I headed out into the smokey air, with the sky an odd shade of light orange and a haze obscuring the iconic Manhattan skyline. Early for Dr Katz, I got a cinnamon cruller at the donut pub, the only place I can ever find them. Dr Katz was a small, energetic man who immediately started talking about my left shoulder. While I was impressed that he had looked at my records, I had to stop him to explain I was there for the right shoulder. More arm maneuvers and some strength testing later, he agreed that this could be impingement or the beginning of a frozen shoulder. “Since you have Lupus, this could be autoimmune inflammation,” he told me. Pressing his fingers painfully into the shoulder, he located the right spot and plunged the needle full of anesthetic and steroids into the joint. I have had steroid injections in my ankle, knee, hip, thumb and spine so I expected the burn of the medication going in. “Get an x-ray,” he said, “since you have a lot of arthritis in the other shoulder, you could have it in this one, too.”
At the office, the temperature on the wall read 85 and my arm ached. S. called back, no longer screaming, but despondent. “I should just stop taking my meds and die of AIDS,” they said. “That’s a long and really painful way to die,” I said. “Maybe you could make some changes so you can have more of a life you want.” “I got into crystal because they were using it at these places I was at”, they said. “I know, the HASA SROs are full of crystal,” I said. “It was staff,” they said. “Staff were giving me crystal and having sex with me.” I had to make an effort not to let my anger show because I didn’t want them to get agitated again.

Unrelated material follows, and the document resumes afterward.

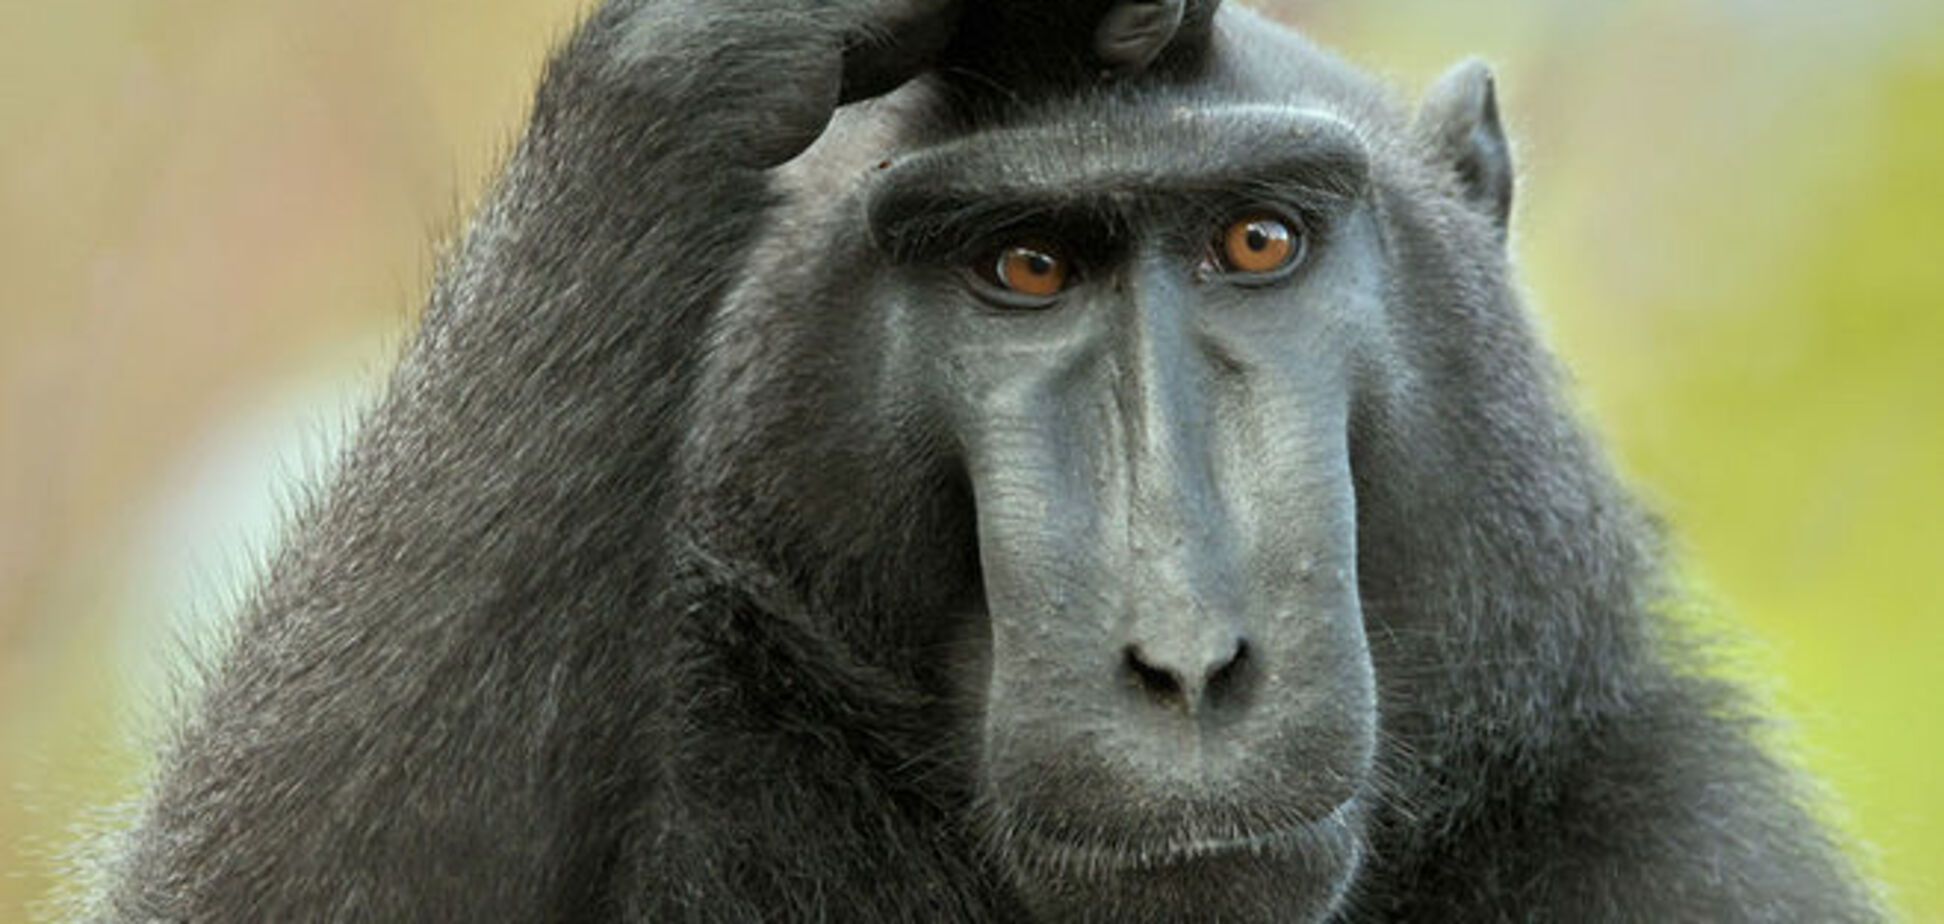 Виток эволюции: ученые объяснили отличия тела человека и обезьяны

The hot office was making me sleepy, but I was trying to make my way through a stack of paperwork when the phone rang again. It was an old activist friend, who has also been a New Alt supporter. She has been dealing with mental and physical health issues, and yesterday she told me she had been evicted but was planning to sneak back into her place. She had tried staying with a “friend” but woke up to someone in bed with her saying that she couldn’t stay “for free.” Today she told me that she had successfully snuck back in but then someone knocked on the door and she panicked and jumped out the second floor window. I was thinking about what to say about that when she said, “I’m thinking of going to NYU as a voluntary admission.” “They can make it hard to get admitted, but I am sure if you tell them you jumped out a window that will do it,” I told her. “I’m not suicidal,” she said, “but if I run out of options, I would rather leave with dignity.” Later she texted me from the psych ER to say she was waiting to go upstairs.
This evening was the Good Trouble March, about the attacks on black voting rights and against ICE. Normally I would not miss it, but after putting out fires all week I didn’t have the energy left to march.